◊ Kerem Bursin’le birlikteliğiniz hayatı nasıl etkiledi?
Serenay Sarıkaya: Kerem’in çok özel bir kalbi var. Onunla olmak bana huzur veriyor. Hayatında seni destekleyen birinin olması güç verici.
◊ Dizi; modern ve ‘arızalı’ insanları anlatıyor. Siz modern insanda neleri arızalı buluyorsunuz? – Geçenlerde annem bir kitapta okumuş; 1940’larda bir insanın akıl hastanesinde yatmasına sebep olacak tüm karakter defoları şu an sokaktaki herkeste varmış. Tabii teknoloji, şehirleşme, insan kalabalığı, bir yarış hali… Hepimizi ister istemez bir değişime zorluyor.

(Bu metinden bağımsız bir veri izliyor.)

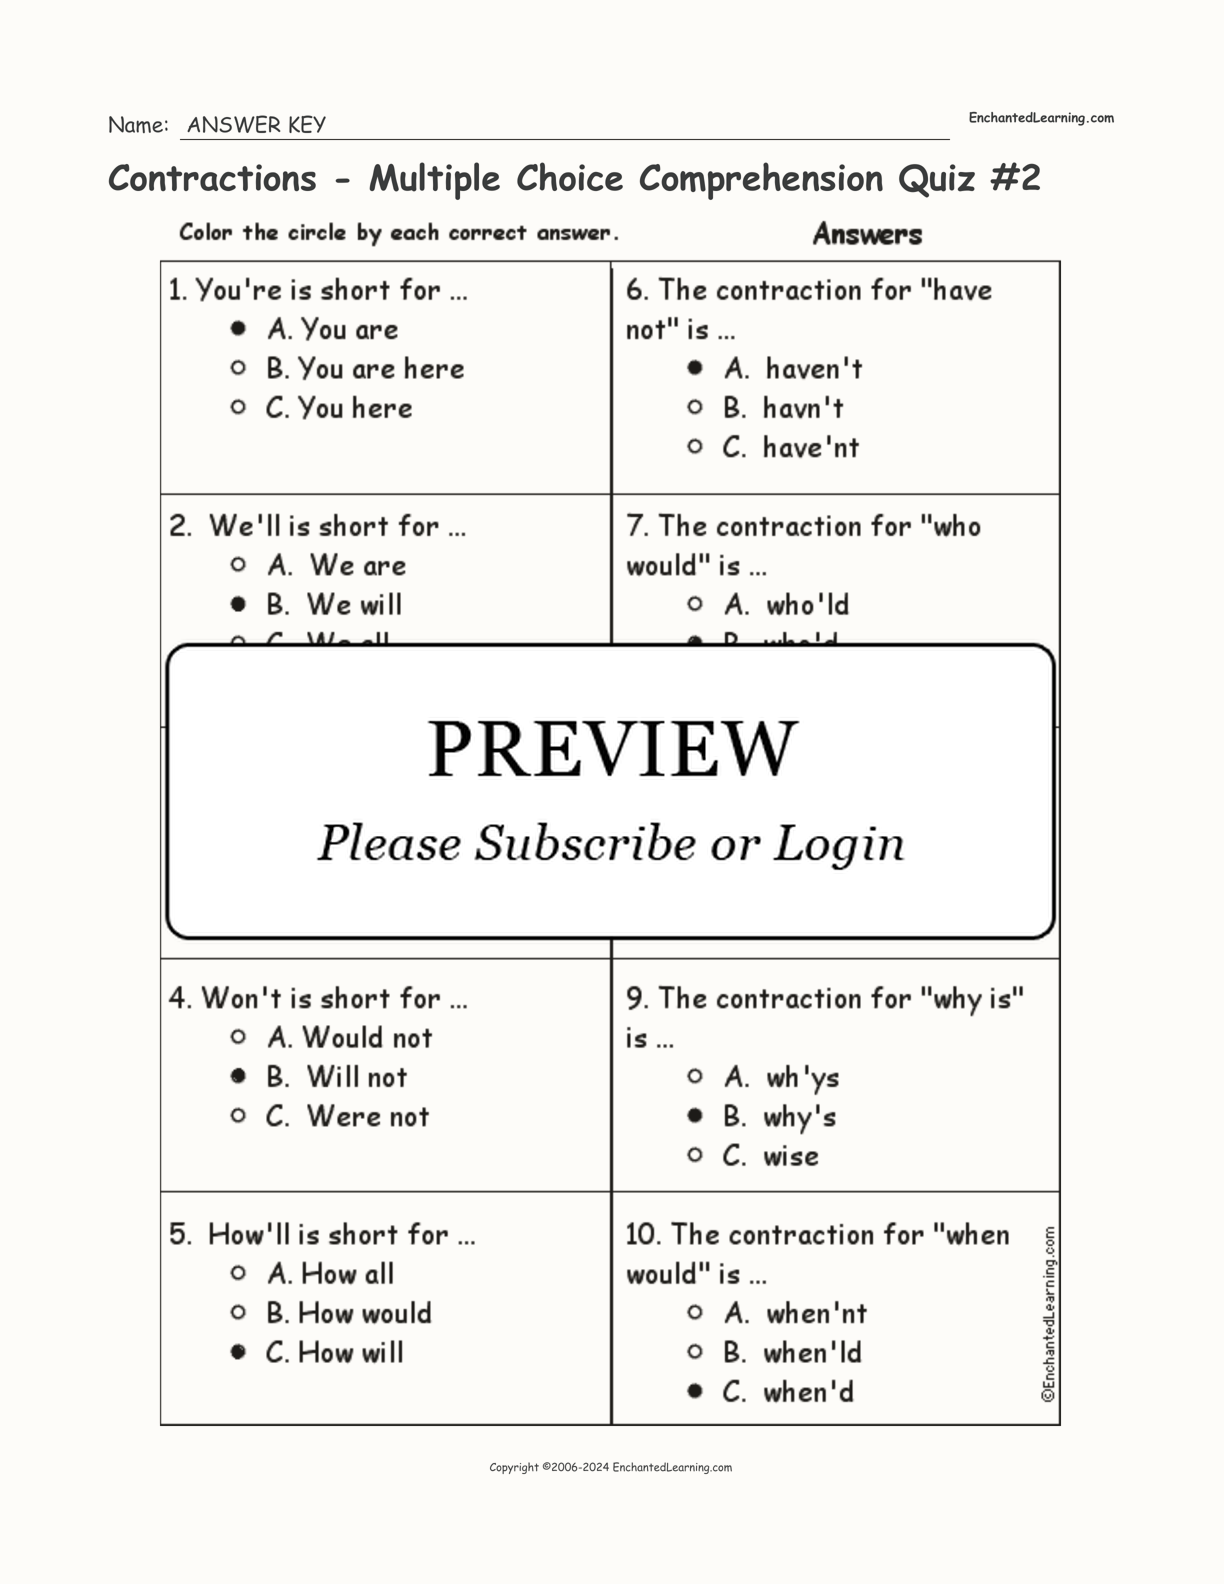 Contractions - Multiple Choice Comprehension Quiz #2 interactive worksheet page 2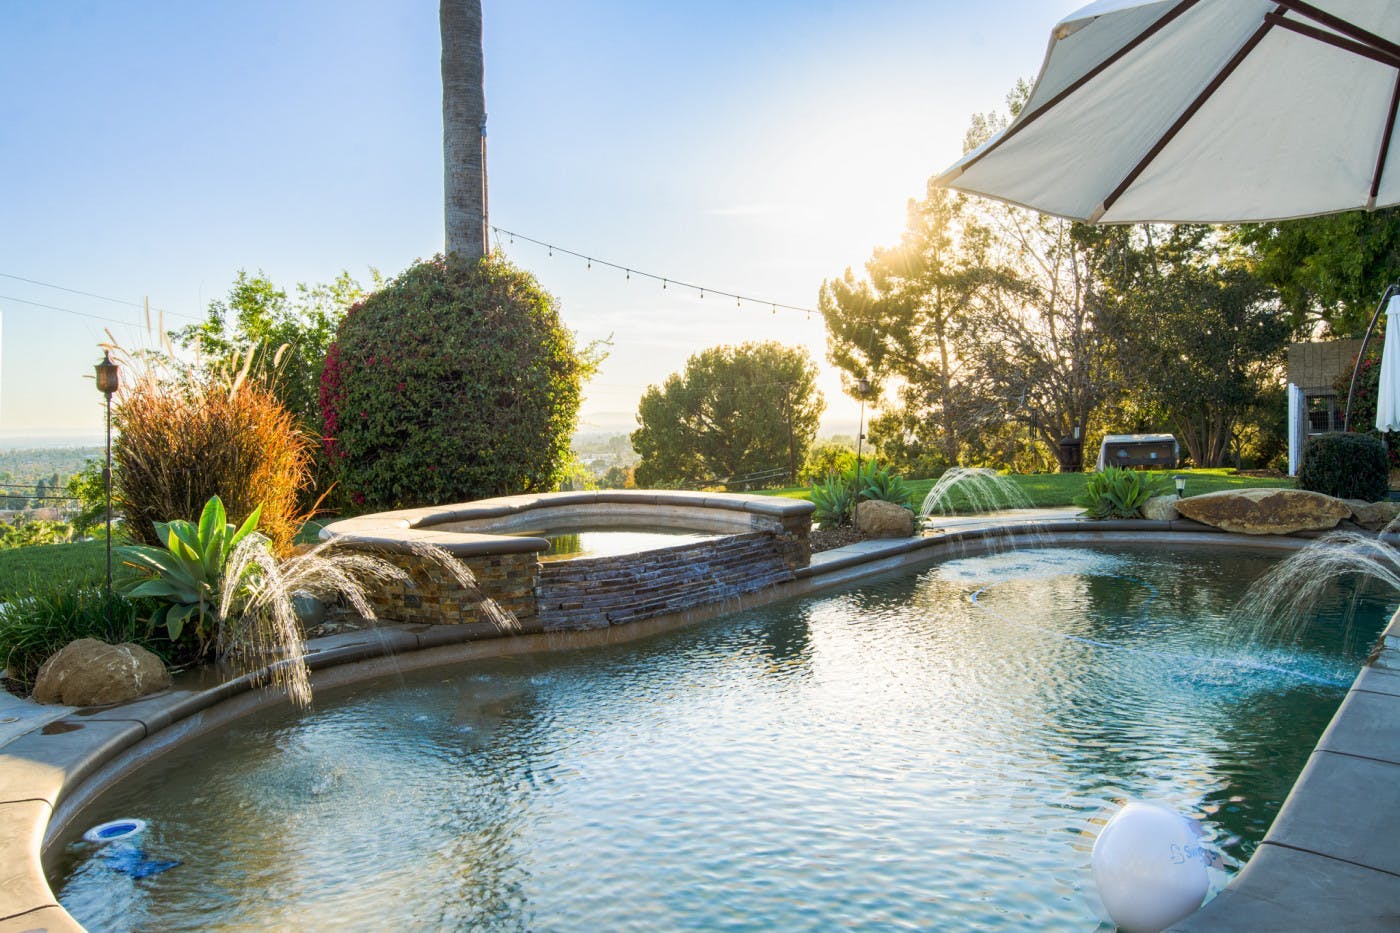 Skyline Oasis of Tranquility Heated Pool & Hot Tub

◊ Bu kez bir balerini canlandırıyorsunuz. Dans sahnelerinde dublör kullanıyor musunuz? Serenay Sarıkaya: Yaklaşık dört aydır dersler alıyorum. Çok iyi hazırlandım. Bundan sonra da muhtemelen dansı bırakmam. Çünkü esneyebilmek için acılı bir süreç geçirdim. Onu kaybetmemek için devam ederim.
◊ Dizideki karakterlerin zaman geçtikçe aslında göründükleri gibi olmadıklarını görüyoruz. Sizce bizler ne kadar maskeliyiz? – Kimse karşısındaki kişinin kendi içinde ne yaşadığını bilemiyor. Sosyal medyanın bize verdiği sahte özgüven muhtemelen hepimizi daha egolu insanlar olmaya zorluyor. Bunlar artık insanın ciddi zaafları. Bu sebeple önyargılı olmamalıyız. Hiçbirimiz gerçekte kimin ne olduğunu bilmiyoruz.
◊ Yani birçok şeyin sebebi teknoloji mi? – Hayatımızı kolaylaştırırken bir yandan da iletişimi bitiriyor. Artık kimse karşılıklı muhabbet etmiyor. Bu beni üzüyor. Çünkü ben temassal iletişimi seven bir insanım. Birinin gözlerinin içine bakmak, onun dertlerini anlamak, o sevgiyi paylaşmak benim için önemli.